At its core, the board host the main SoC, exposing essential signals such as GPIOs, power rails, and communication buses. Additional components such as a MEMS oscillator provide stable timing, while voltage regulators ensure reliable power delivery. The inclusion of accessible pin headers allows flexible expansion and testing, making the platform suitable for both prototyping and educational use.

The system also supports graphical output through a VGA interface, enabling the development of hardware-driven user interfaces. Debugging and control are facilitated through onboard LEDs and a reset button, providing immediate feedback and system management capabilities. Overall, the board offers an integrated environment for plug and play.

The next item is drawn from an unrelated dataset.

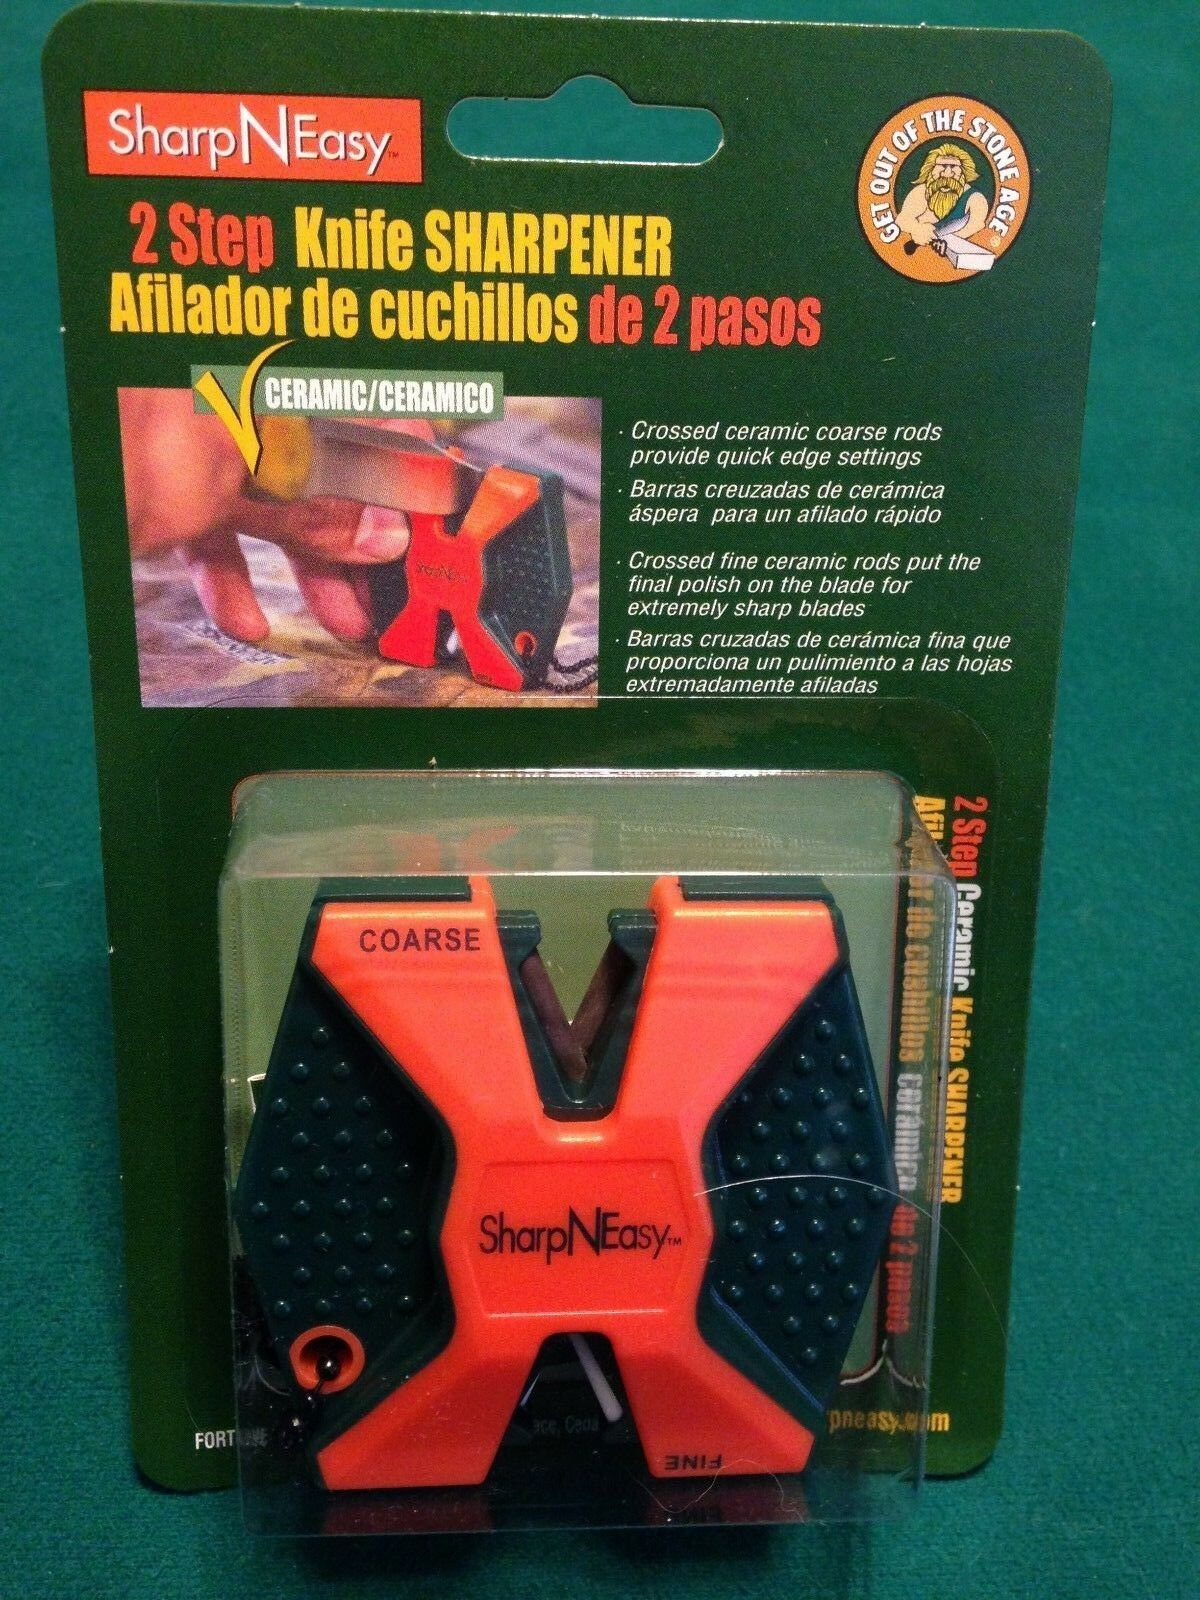 AccuSharp Model 336C, Sharp-N-Easy, Orange 336C

Figure 7. 3D rendering of the Lacerta Board, illustrating component placement and layout, including the Caravel/Lacerta chip placement, voltage regulators, clock generation circuitry, SPI Flash memory interface, GPIO headers, and peripheral connectors, providing a realistic view of the assembled hardware platform.

Firmware

The Lacerta platform includes a firmware layer that can run directly on the embedded RISC-V processor provided by the Caravel SoC. This firmware acts as the control layer responsible for managing the graphical interface and coordinating the interaction between system inputs and the Lacerta hardware rendering engine.

Firmware executed on the Caravel RISC-V processor is responsible for:

receiving input data from sensors or external systems
updating graphical elements in memory
configuring interface parameters
controlling the display generation circuit through the Wishbone bus

During operation, the RISC-V processor reads incoming data from communication interfaces and translates this information into graphical updates. The processor sends commands through the Wishbone master interface to the Lacerta display engine, which writes the corresponding graphical data into the system memory.

The VGA controller then reads the graphical data stored in memory and generates the video signal that produces the final image on the display.

In addition to running on the embedded processor, the Lacerta system can also interact with external microcontrollers. In this configuration, an external controller may collect sensor data or perform additional processing and then transmit the relevant information to the Caravel system using standard communication interfaces such as UART, SPI, or I2C.

This architecture allows Lacerta to operate in two modes:

Standalone mode, where the Caravel RISC-V processor runs the firmware and directly manages the graphical interface.
Co-processor mode, where an external microcontroller provides data or commands that are forwarded to the Lacerta display engine through the Caravel platform.

By leveraging the embedded RISC-V processor and the Wishbone interconnect, the firmware provides a flexible mechanism for controlling the graphical interface while maintaining compatibility with a wide range of embedded systems and sensor sources.

Interface Design Software

The fourth major component of the Lacerta architecture is the interface design software, which provides the user-facing environment for defining custom graphical interfaces.

A desktop graphical tool will allow users to create custom interfaces through a visual editor.

The software will export configuration files used by the hardware engine.

Through this visual editor, users can place and configure graphical elements such as buttons, bars, numeric indicators, and status displays. The tool allows the interface to be designed at a high level without requiring manual implementation of low-level graphics logic.

Figure 6. Graphical editor of the Lacerta Interface Design Software, where users can design custom embedded interfaces by arranging graphical components such as seven-segment displays, bars, and indicators.

Once the design is complete, the software generates a configuration file that describes the interface structure and parameters. This file is then loaded into the Lacerta hardware engine, enabling the ASIC to render the desired interface directly in hardware.

By combining these four components, Lacerta provides a complete and reproducible platform for configurable embedded HMIs, spanning interface creation, silicon implementation, runtime control, and physical system integration.